Similarly,Westerners to open their gifts,shout and wrangle to praise it,hemay not care about your gift etiquette,just tell him he should express gratitude,on the surface at least should show strong interest,so as not to damage the other's feelings.And after the Chinese as guests came just quietlyopened the gift,one is not to give each other to greed impression,two isChinese generally focus on present practical value,if a gift is not practical,orsend a duplicate,also not make each other down.Therefore,etiquette told him that he should not be too concerned about the gift.This behavior Chineseis in fact to convey a signal:I to your gifts,or whether the weight of the gift is not interested,even if your gifts are still popular,also won't affect our relationship.However,this signal sometimes need to Westerners go slowlyunderstanding.
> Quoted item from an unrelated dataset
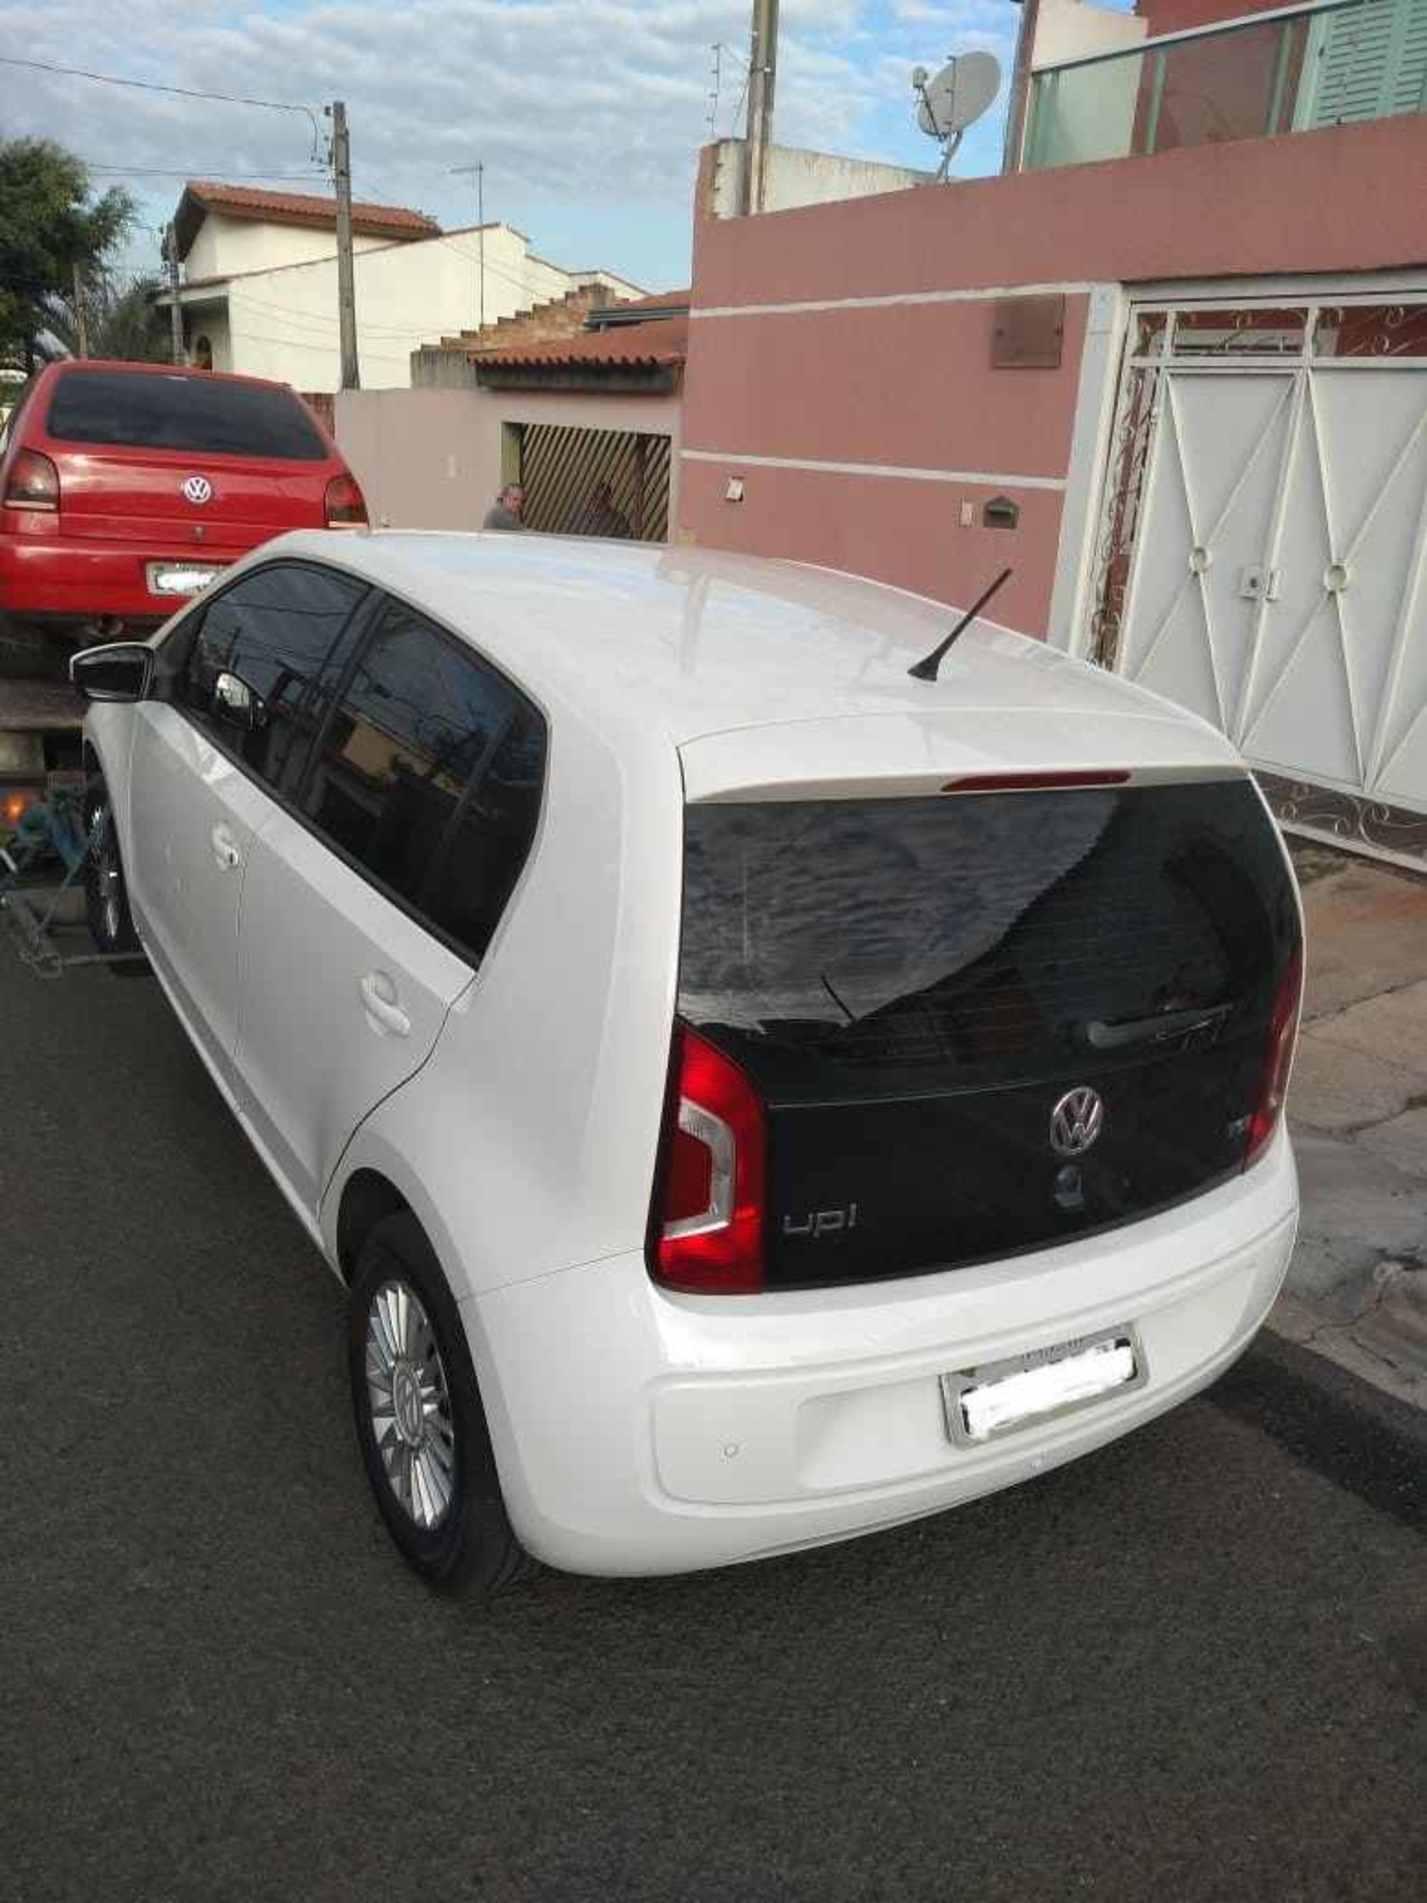 Motorista tentou fugir, mas acabou detido no bairro Wanel Ville V.

Furthermore,different behavior,Chinese and Westerners tend to have the same mentality,but its external expression is different.For example,in give and receive,Chinese and Westerners to gift show interest is the same:giverswant each other to be like her gift,and recipients also because of accepting agift.However,Chinese often manifested great modesty,when the gifts are often deliberately undermine their own value of the gift.Even give each other gifts are expensive,but also to say "a mere trifle,nothing".This negative topositive send gifts worth,Westerners can not understand,they don't know how this circle is,or is unable to realize negative,hidden in the affirmative.
Accept the gift,Chinese often refuse it,and said,"Oh,also brought the giftwhat to do",to take in each other again insisted,that even also accepted as it cannot be helped,and accompanied by "how can let you back" or "next time can't so polite" or "not to be taken as a precedent" kind words,then the gifts aside,showing the gift be indifferent to attitude,for fear that the other think they are blunt gifts to others.However,just after the guests left,then quietlyopened the gift in the act,is sufficient to prove the Chinese also care about the recipient,just not to show it.